■ EXERCISE GOAL: Will you output all of the data below exactly, omitting the images?
[[ DATASET EXCERPT open ]]
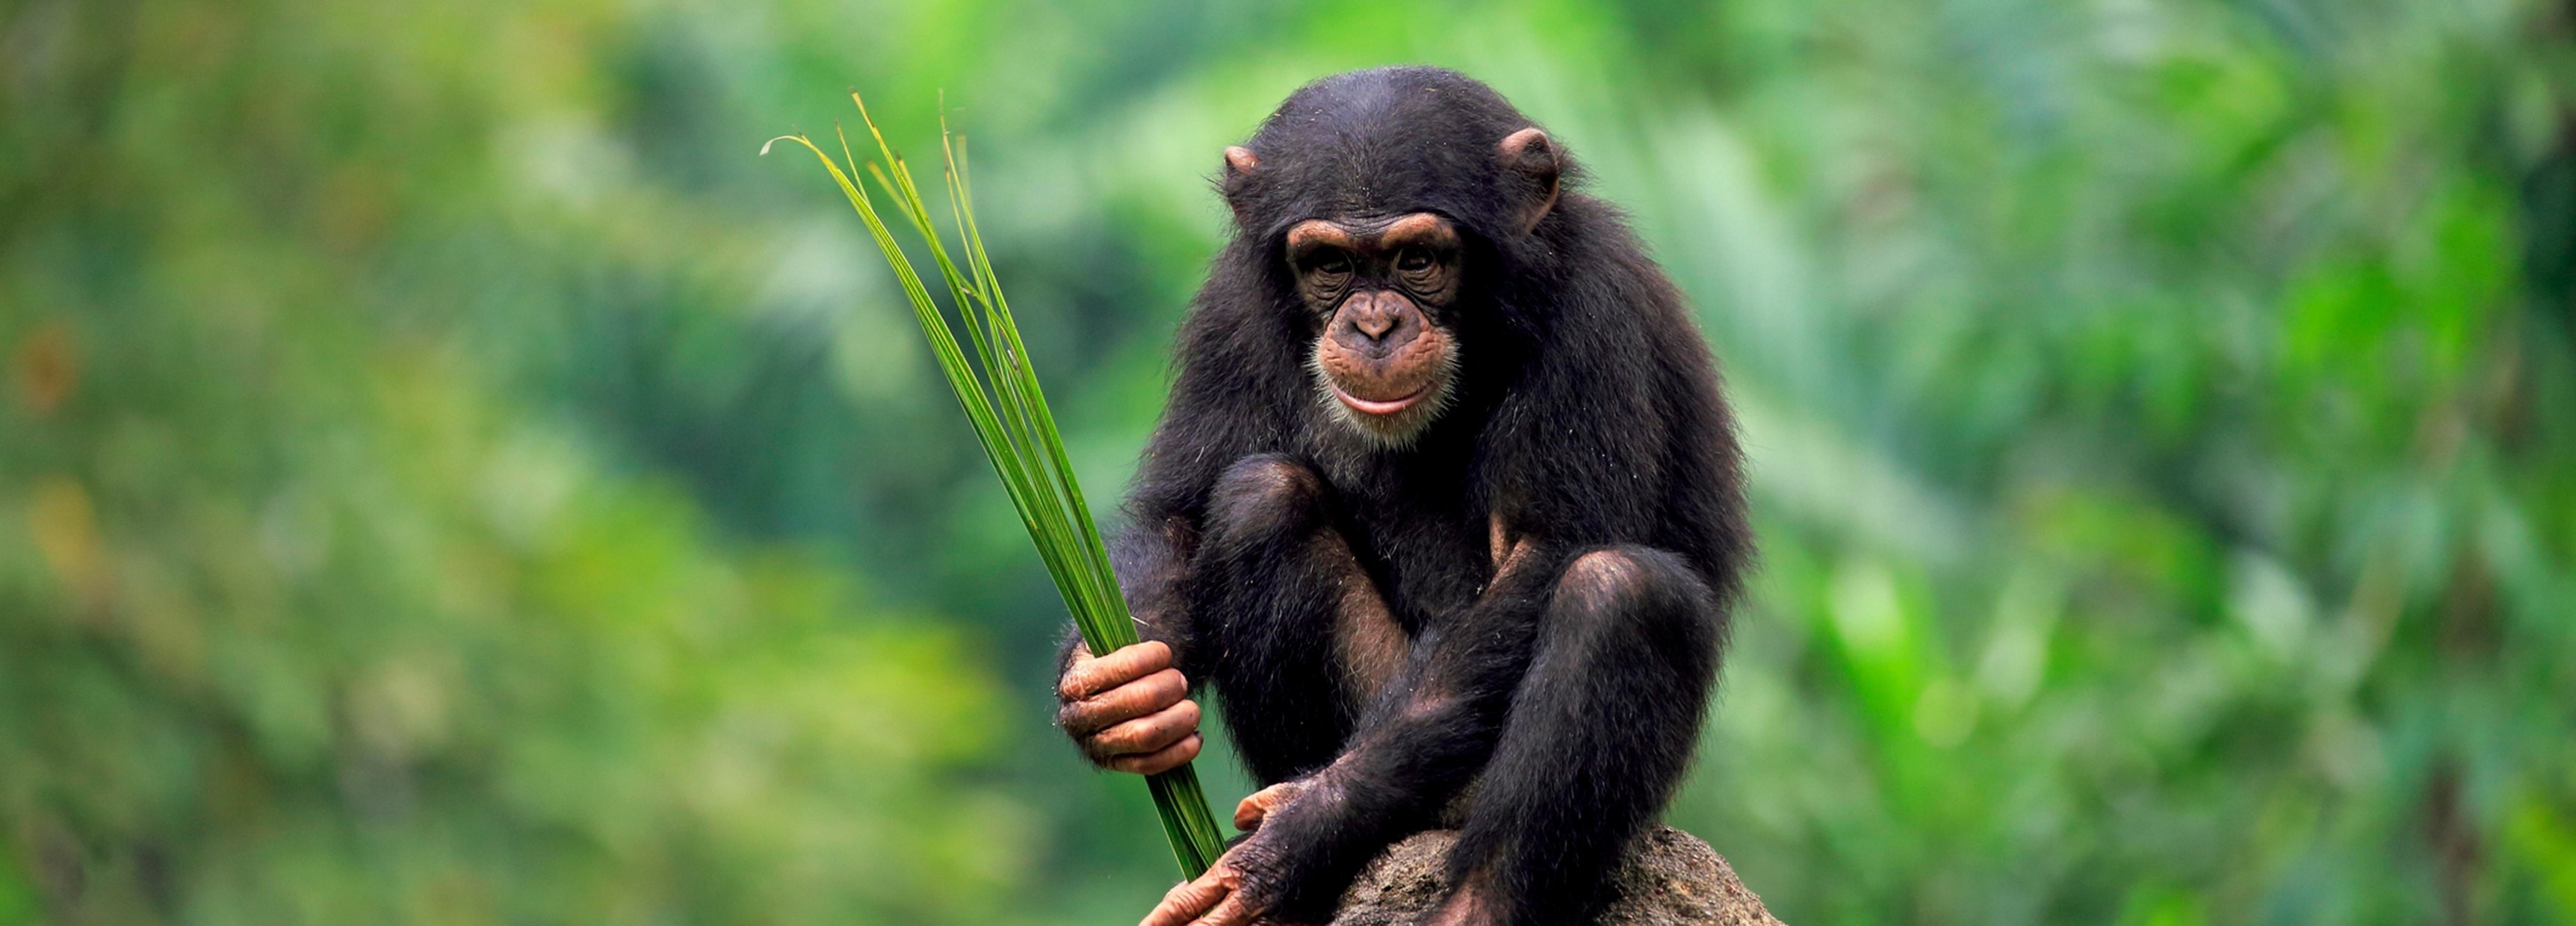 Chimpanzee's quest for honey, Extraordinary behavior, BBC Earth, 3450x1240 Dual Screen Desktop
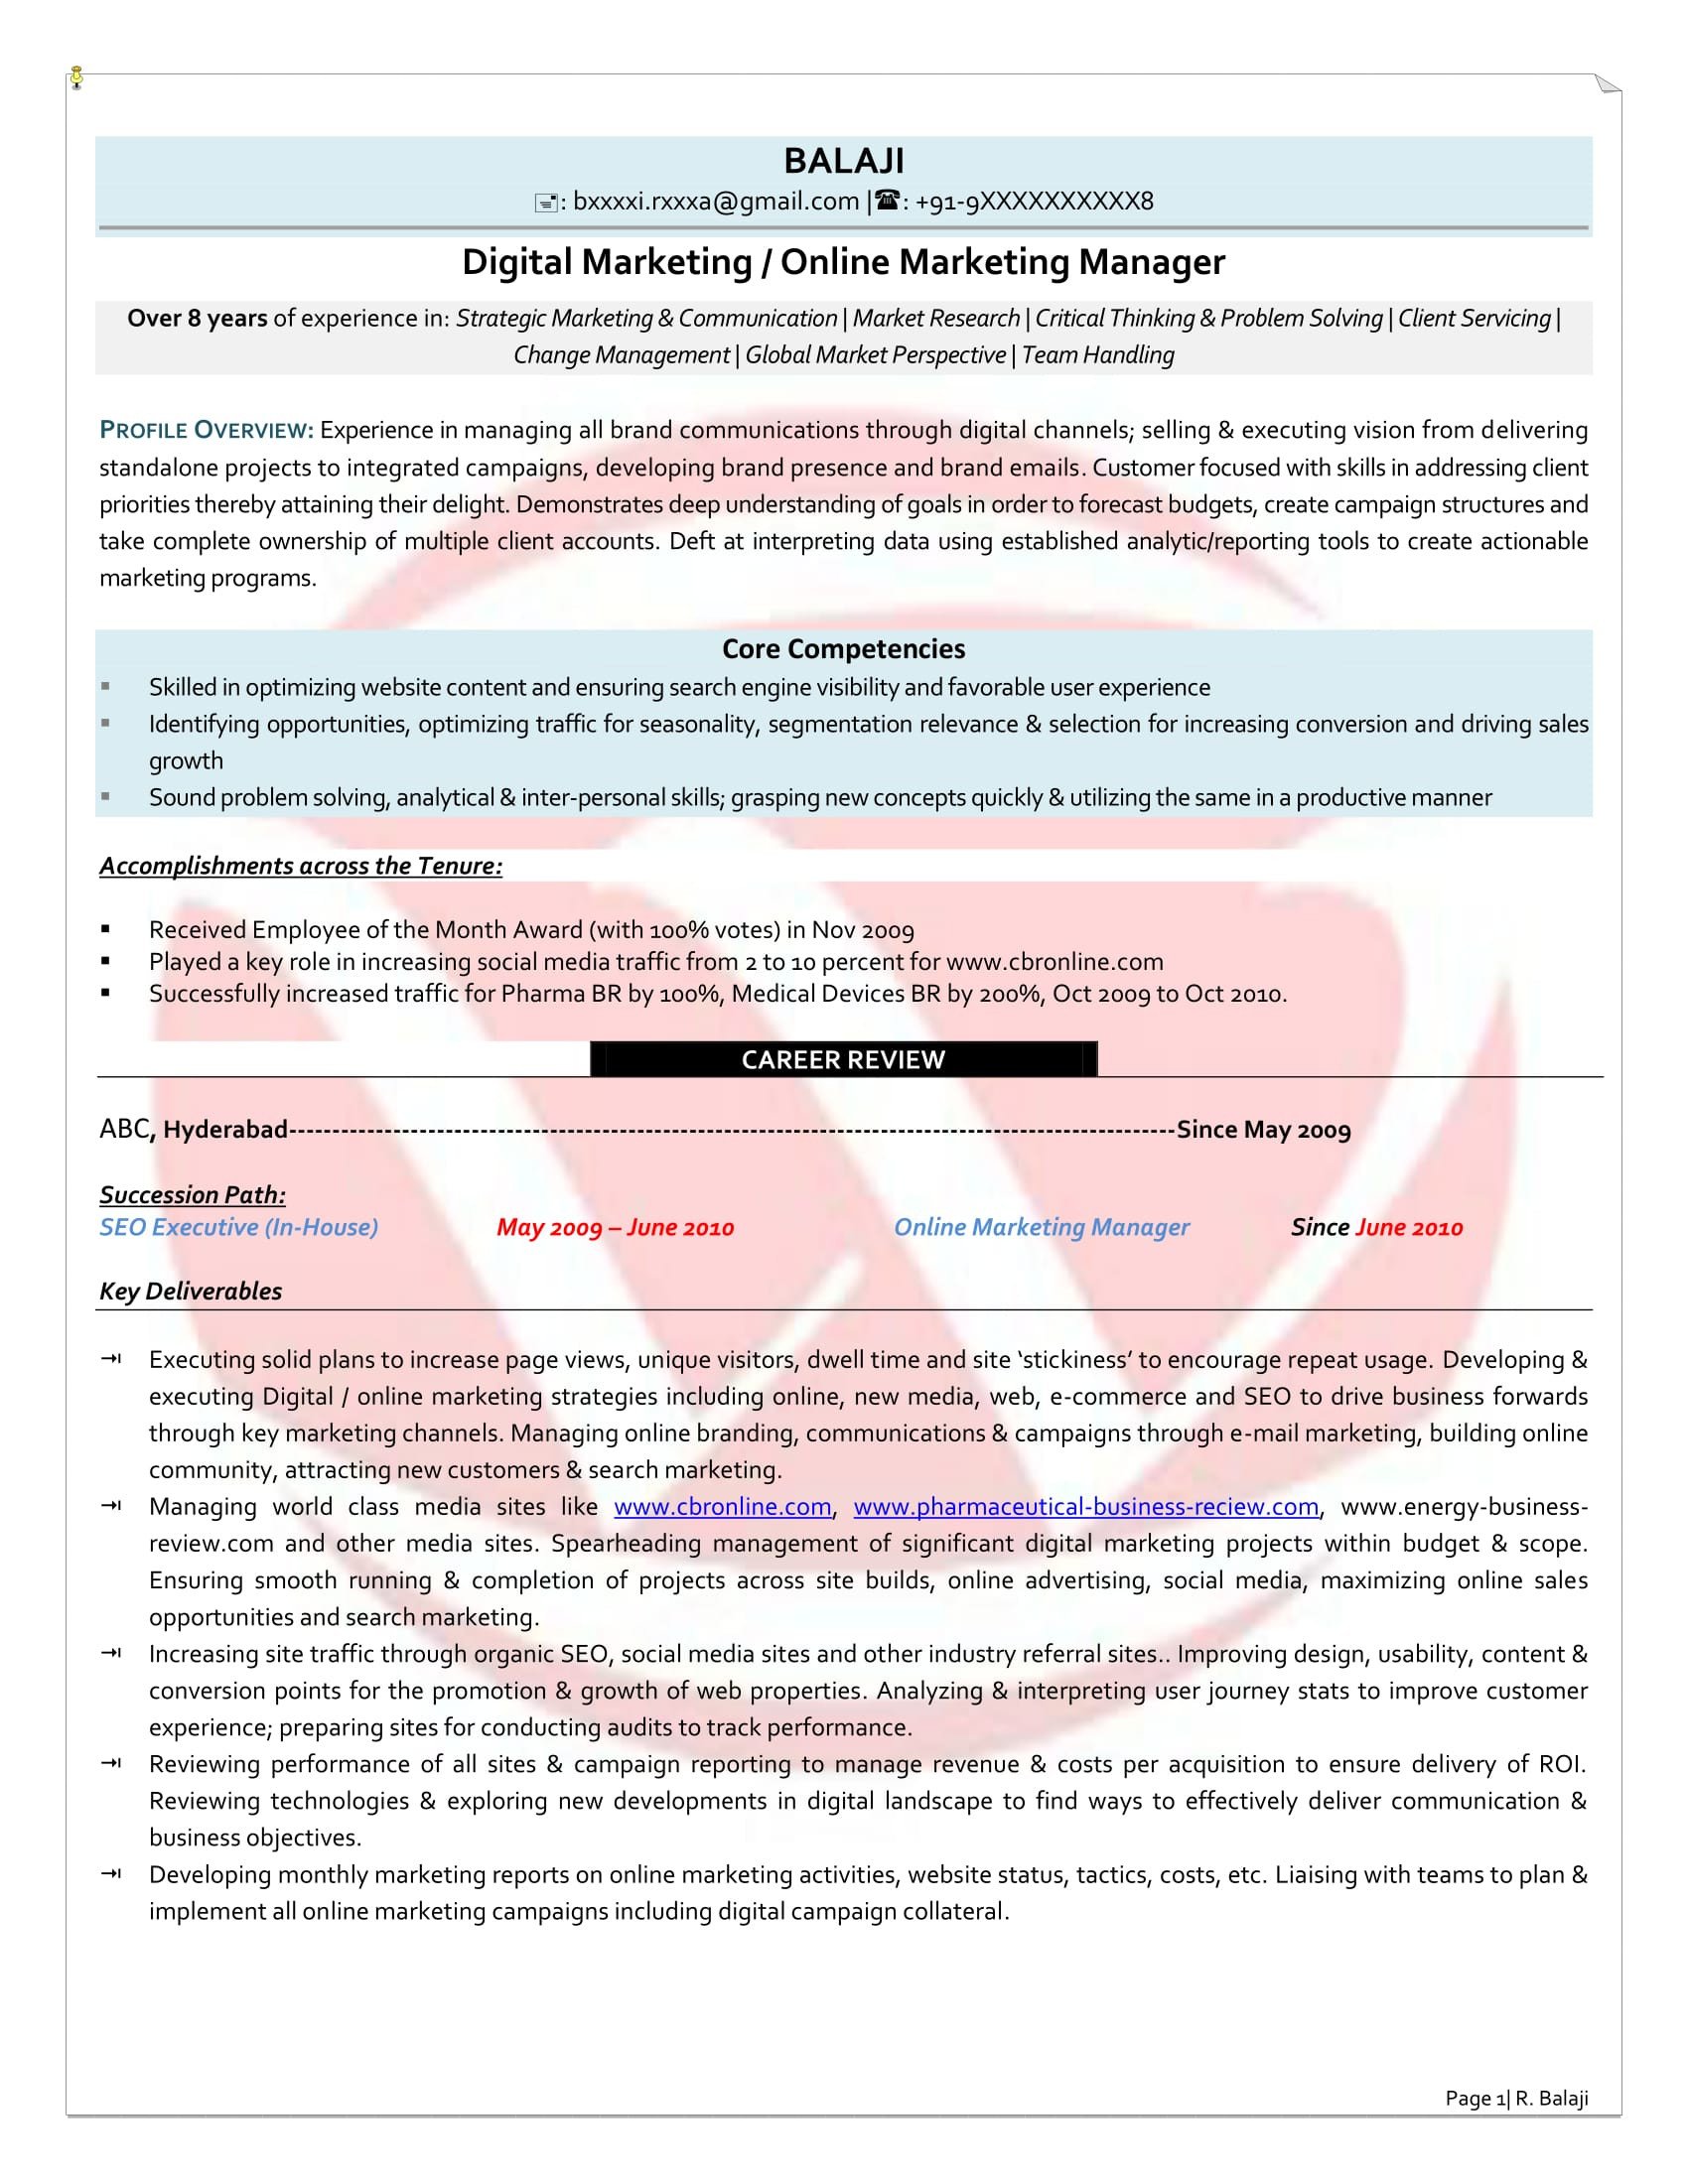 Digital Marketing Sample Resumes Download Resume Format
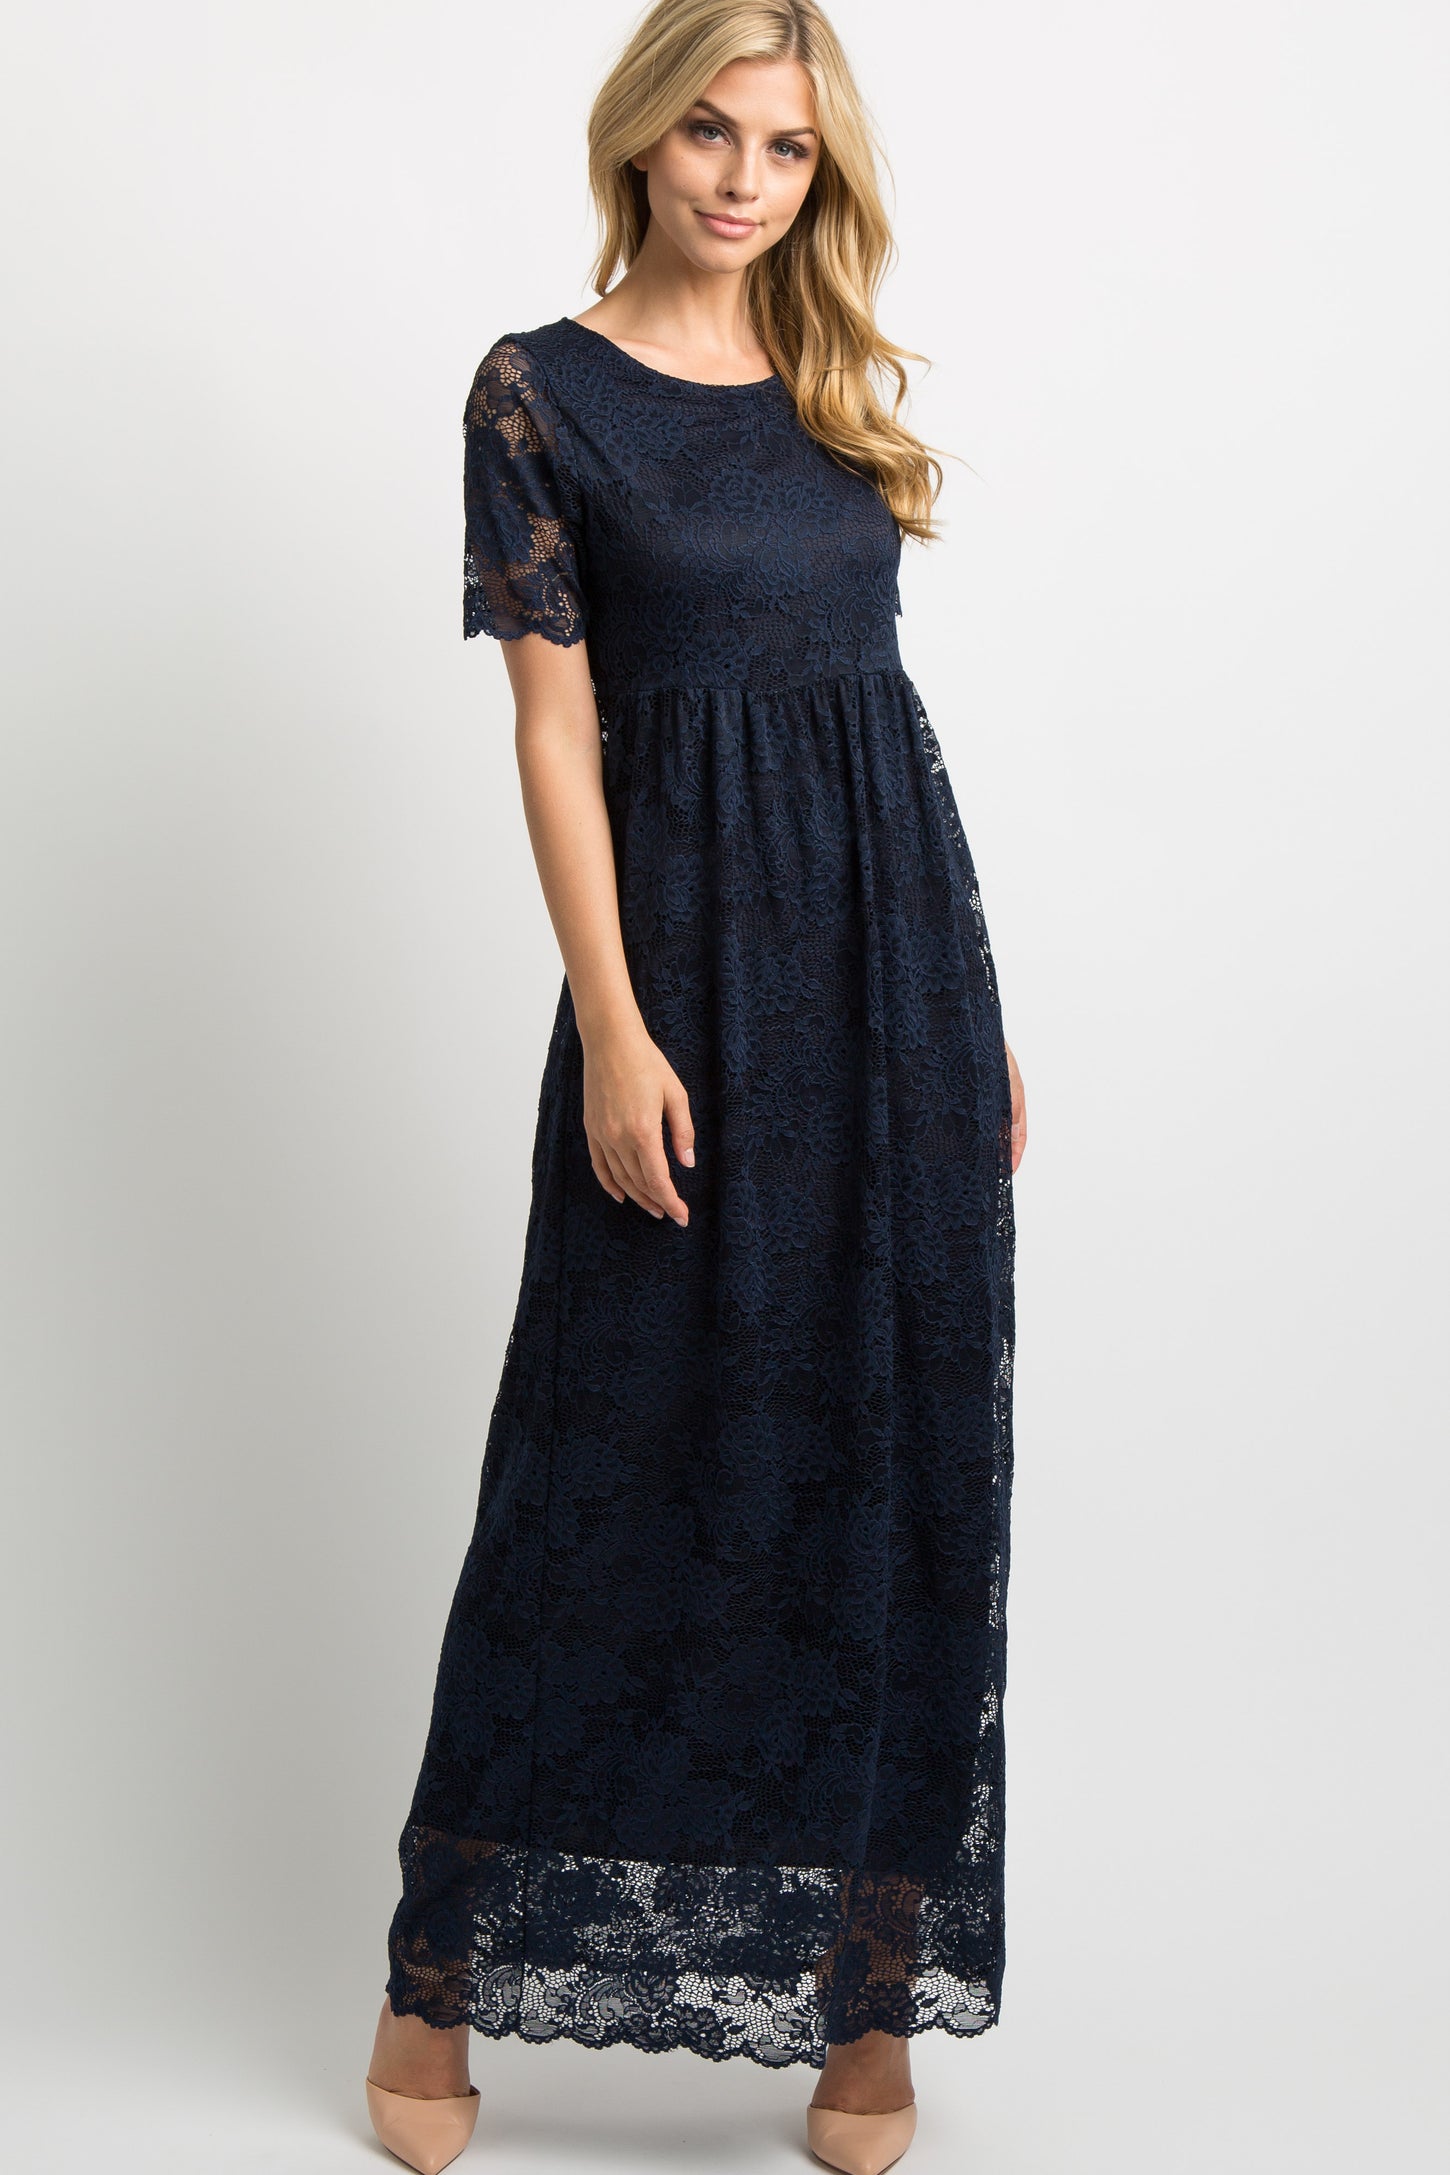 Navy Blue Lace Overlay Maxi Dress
[[ DATASET EXCERPT closed ]]
■ RESPONSE BOX:
 Chimpanzee's quest for honey, Extraordinary behavior, BBC Earth, 3450x1240 Dual Screen Desktop
 Digital Marketing Sample Resumes Download Resume Format
 Navy Blue Lace Overlay Maxi Dress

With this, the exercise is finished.